Nie sa to dane optymistyczne. Dzisiaj pewnie będzie małe wypłaszczenie tych wyników, ale to tylko zafałszowana wizja, bo w niedzielę zawsze jest mniej badań. Władza chyba się przeraziła tymi wszystkimi wynikami. Zaczęła panikować i podejmować decyzję od sasa do lasa. Brakowało tylko żeby wprowadzili zakaz wstępu do lasu.
W strefach czerwonych wprowadzono nauczanie zdalne dla szkół ponadpodstawowych i wyższych, czyli dla tych ludzi, którzy bez problemu mogą zastosować dystans społeczny. Za to dzieciaki w podstawówkach które w znacznie mniejszym stopniu potrafią się dystansować, mają nadal chodzić do szkoły.

Generalnie okazało się, że jest tak źle, że trzeba to wszystko przykryć jakąś sensacją. Więc PiS postanowił zagrać starymi sprawdzonymi metodami. Użyto służb (w tym przypadku CBA) i aresztowali mecenasa Romana Giertycha i Ryszarda Krauze, oraz 10 innych osób, pod zarzutami, które były tak cienkie, że sąd w Sobotę odrzucił wnioski prokuratury o zabezpieczenie zatrzymanych, popierając to tym, że prokuratura nie uprawdopodobniła popełnienia przestępstwa. Blamaż na całej linii. Amatorszczyzna. Sprawa badana przez kilka lat…

Tymczasem chorych przybywa. Chory w szpitalu leży minister Polaczek, zmarł senator Kogut. Tak po ludzku bardzo ich żal.

Władza powoli się budzi, zmarnowali tyle miesięcy na robieniu nic lub kłóceniu się o stołki. Dopiero teraz zaczęli myśleć o tym, żeby zacząć budować szpital polowy. Tym razem na stadionie narodowym. Jak na mój gust to bardziej pokazówka niż dobre działanie.

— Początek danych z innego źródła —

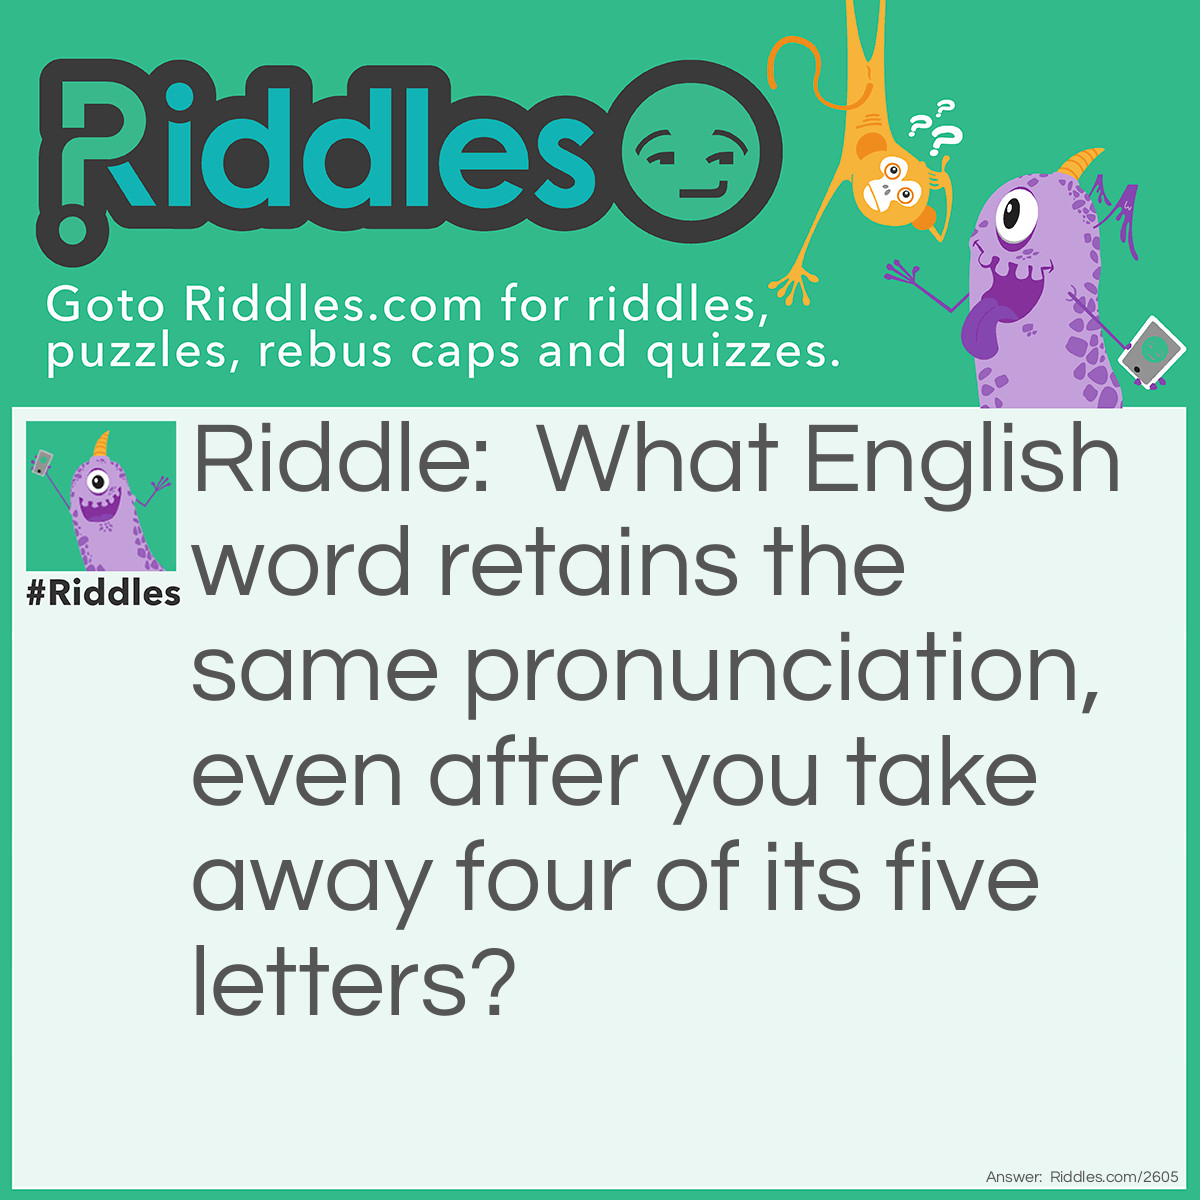 Riddle: What English word retains the same pronunciation, even after you take away four of its five letters? Answer: Queue. Remove the "ueue" and you are left with "Q".

Co na dzisiaj można by było zrobić?

  • Zamknąć szkoły. Przynajmniej klasy 4-8.
  • Zasilić Sanepid. Dać pieniądze, niech zatrudnią choćby studentów na umowę zlecenie, którzy by mogli zająć się tylko obdzwanianiem osób na kwarantannie. To pewnie by niesamowicie odciążyło podstawową działalność Sanepidu.
  • zacząć robić więcej testów. Wziąć przykład ze Słowacji, która chce przebadać wszystkich swoich obywateli.
  • Zalecić pracodawcom, niech tam gdzie mogą wprowadzają pracę zdalną.
  • Zamknąć cmentarze na 1 listopada.

Co my możemy zrobić dla powstrzymania takiego wzrostu pandemii? Zdecydowanie słuchać się nakazów.

  • Nosić maseczki
  • Zachowywać dystans
  • Dezynfekować ręce.

Dbajcie o siebie…
Możecie też się wzmacniać. Polecam ten specyfik.

Rząd delikatnie rzecz biorąc, mija się z prawdą mówiąc o dwóch procentach szkół z zakażeniami Covid-19.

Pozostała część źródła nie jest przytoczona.